The [intended] modes in the existing array.m don't make sense to me,
e.g.

:- pred lookup(array(T), int, T).
%:- mode lookup(array_ui, in, out) is det.

At the end of the call, the array is not unique in its elements as the
third argument shares a reference with one of its elements.

:- pred set(int, T, array(T), array(T)).
:- mode set(in, in, array_di, array_uo) is det.

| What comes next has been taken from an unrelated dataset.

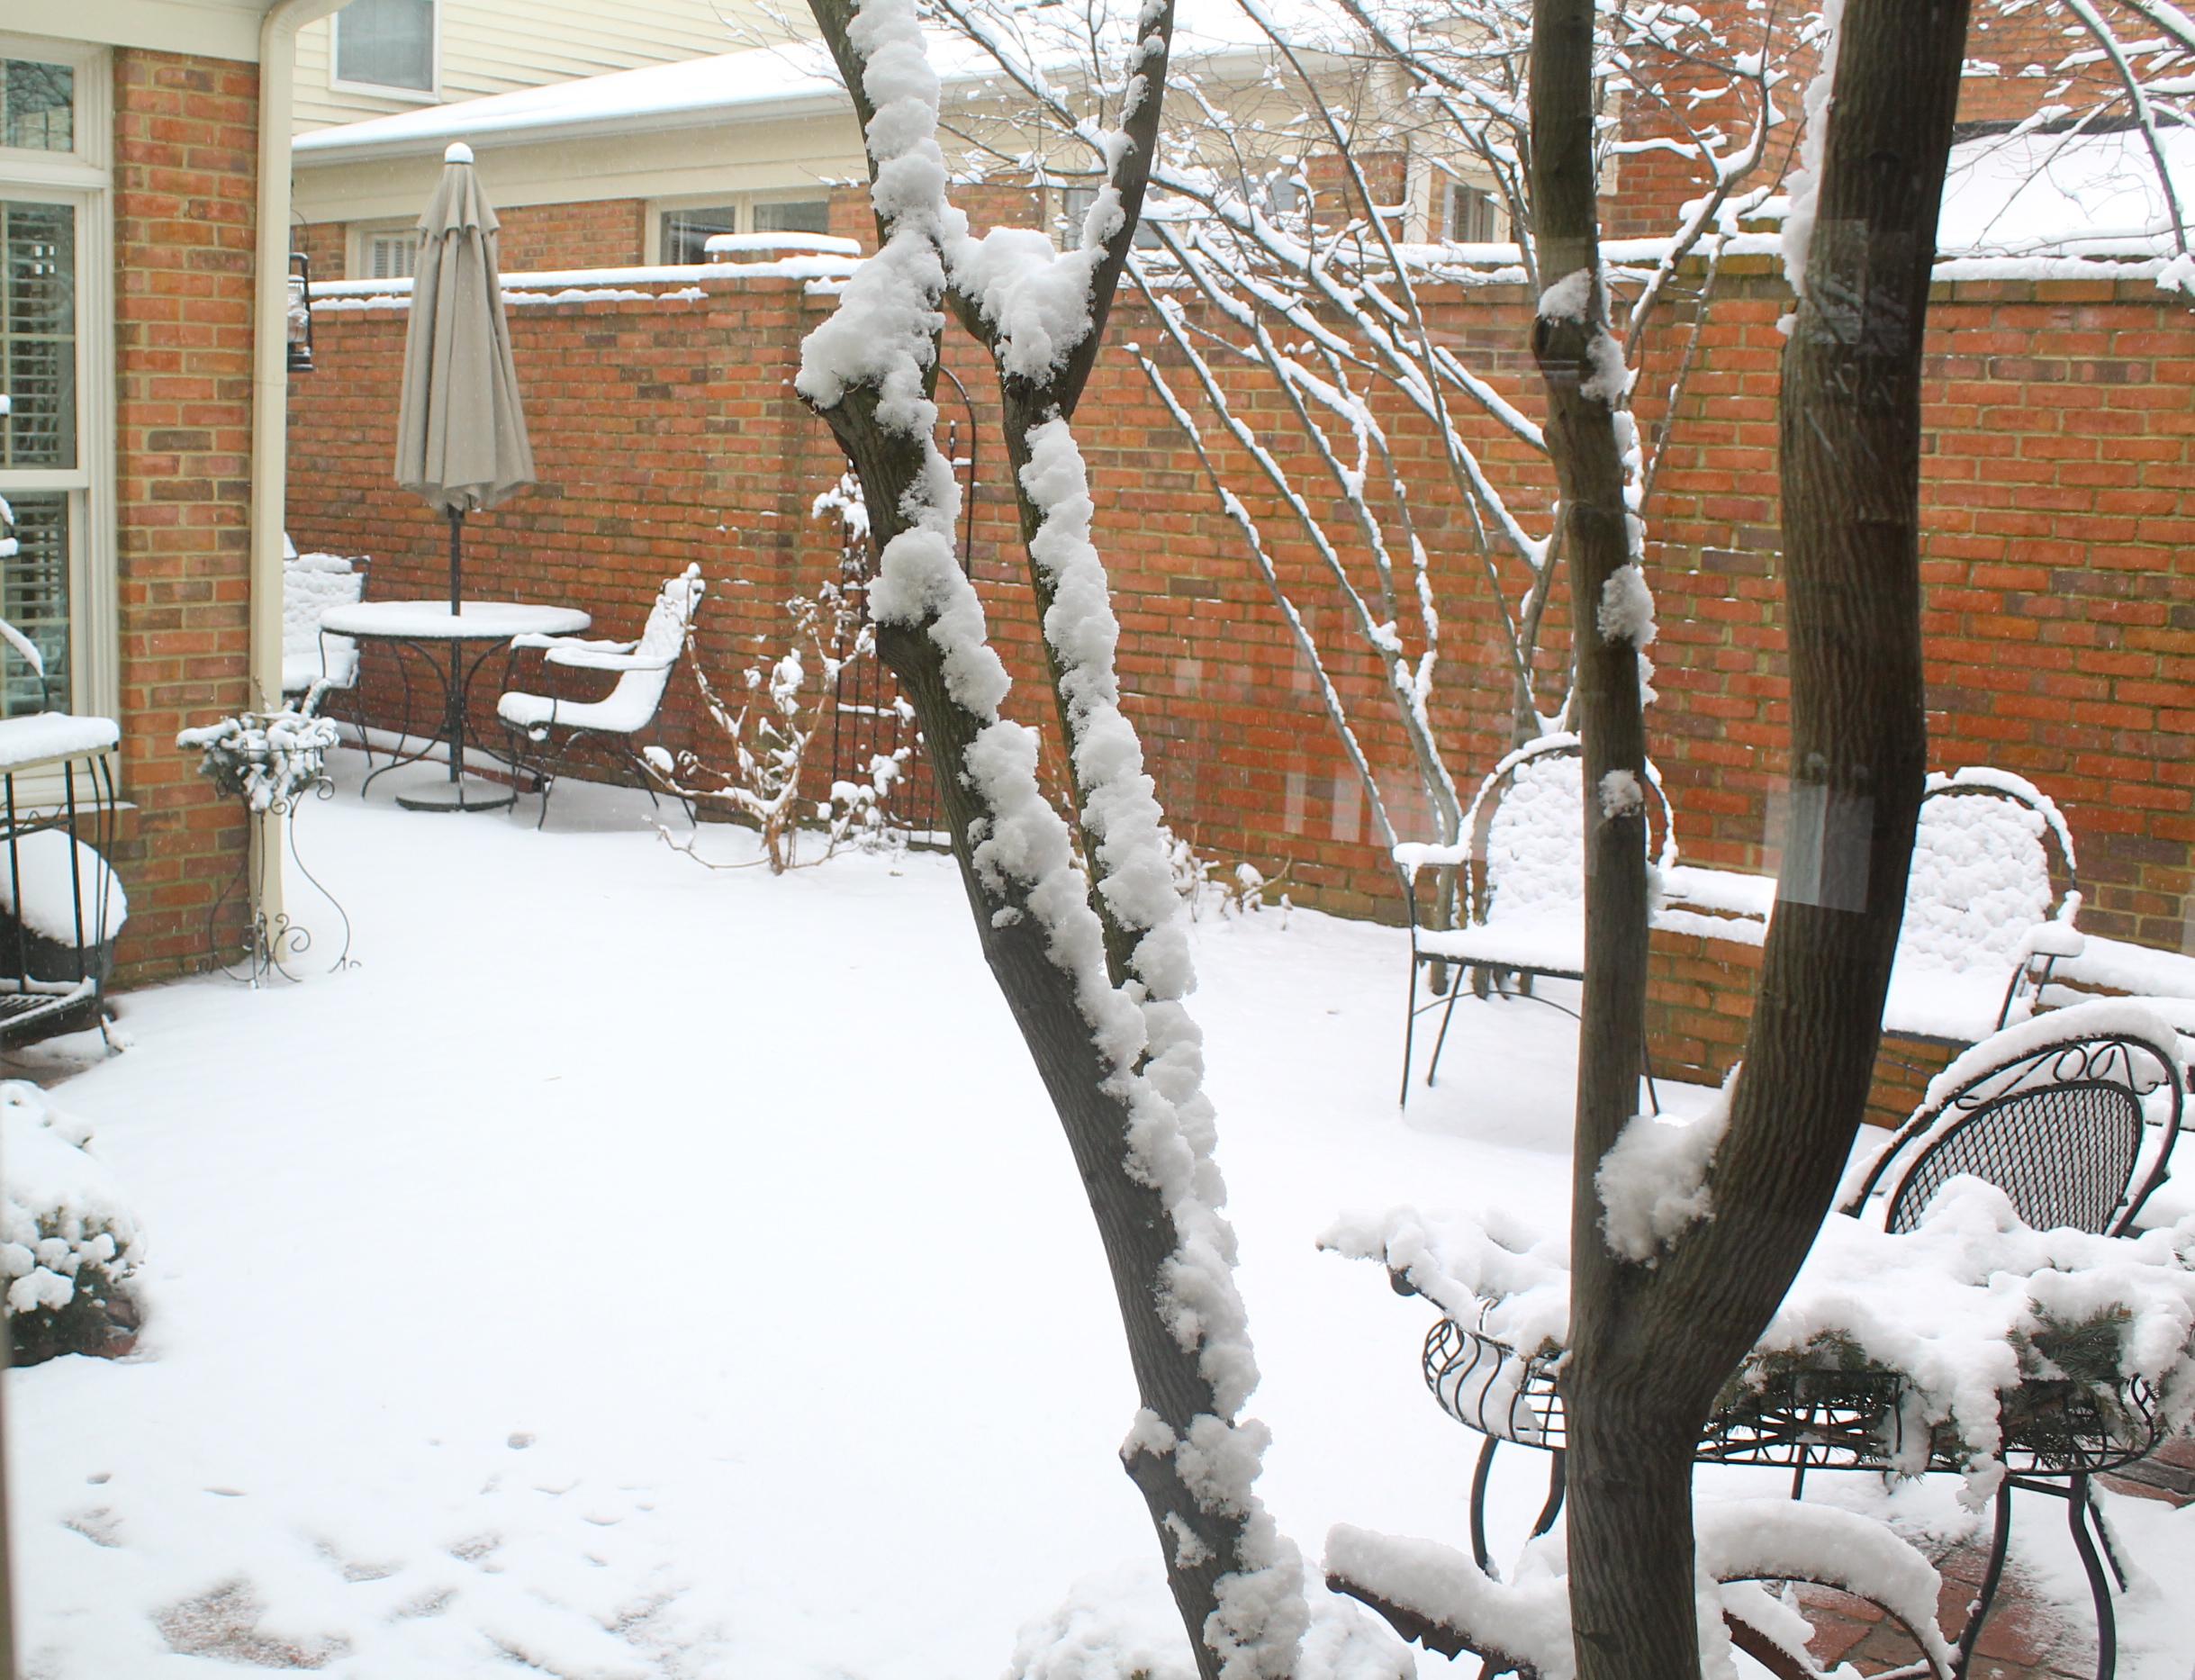 IMG 6934 - Snow Daze

Placing the non-unique value into the array makes it not unique in its
elements.

Peter

Zoltan Somogyi

2014-10-24 08:52:26 UTC

Permalink

Post by Peter Wang
The [intended] modes in the existing array.m don't make sense to me,
e.g.
:- pred lookup(array(T), int, T).
%:- mode lookup(array_ui, in, out) is det.
At the end of the call, the array is not unique in its elements as the
third argument shares a reference with one of its elements.
:- pred set(int, T, array(T), array(T)).
:- mode set(in, in, array_di, array_uo) is det.
Placing the non-unique value into the array makes it not unique in its
elements.

In the insts array_{ui,di,uo}, the uniqueness was always only intended
to refer to the memory of the array itself, not to the uniqueness of
the elements. The main concern of the array operations is: do they
have to copy an array if you want a modified version of it, or can they
do the update in place?

Preserving information about the uniqueness of the array elements
was not a design concern at the time, simply because even if you could
preserve that information, the compiler could not exploit it.

Given this view, I don't see anything wrong with the current modes
in array.m. It does seem that the documentation could explain the above
better.

Zoltan.

Mark Brown

2014-10-25 04:35:25 UTC

Permalink

On Fri, Oct 24, 2014 at 7:52 PM, Zoltan Somogyi

Post by Zoltan Somogyi

In the insts array_{ui,di,uo}, the uniqueness was always only intended
to refer to the memory of the array itself, not to the uniqueness of
the elements. The main concern of the array operations is: do they
have to copy an array if you want a modified version of it, or can they
do the update in place?
Preserving information about the uniqueness of the array elements
was not a design concern at the time, simply because even if you could
preserve that information, the compiler could not exploit it.
Given this view, I don't see anything wrong with the current modes
in array.m. It does seem that the documentation could explain the above
better.

The comments here are particularly misleading, I think:

% :- inst uniq_array == uniq_array(unique).
:- inst uniq_array == uniq_array(ground). % XXX work-around

The latter is what is intended; it is not a workaround.

Cheers,
Mark.

Mark Brown

2014-10-25 04:32:10 UTC

Permalink

Hi Peter,

Post by Peter Wang
Hi,
What do you think about changing the modes in the array module along the
lines shown in the attached file? Note that we don't need to use
constrained inst vars; they can be replaced by `ground' and `unique'.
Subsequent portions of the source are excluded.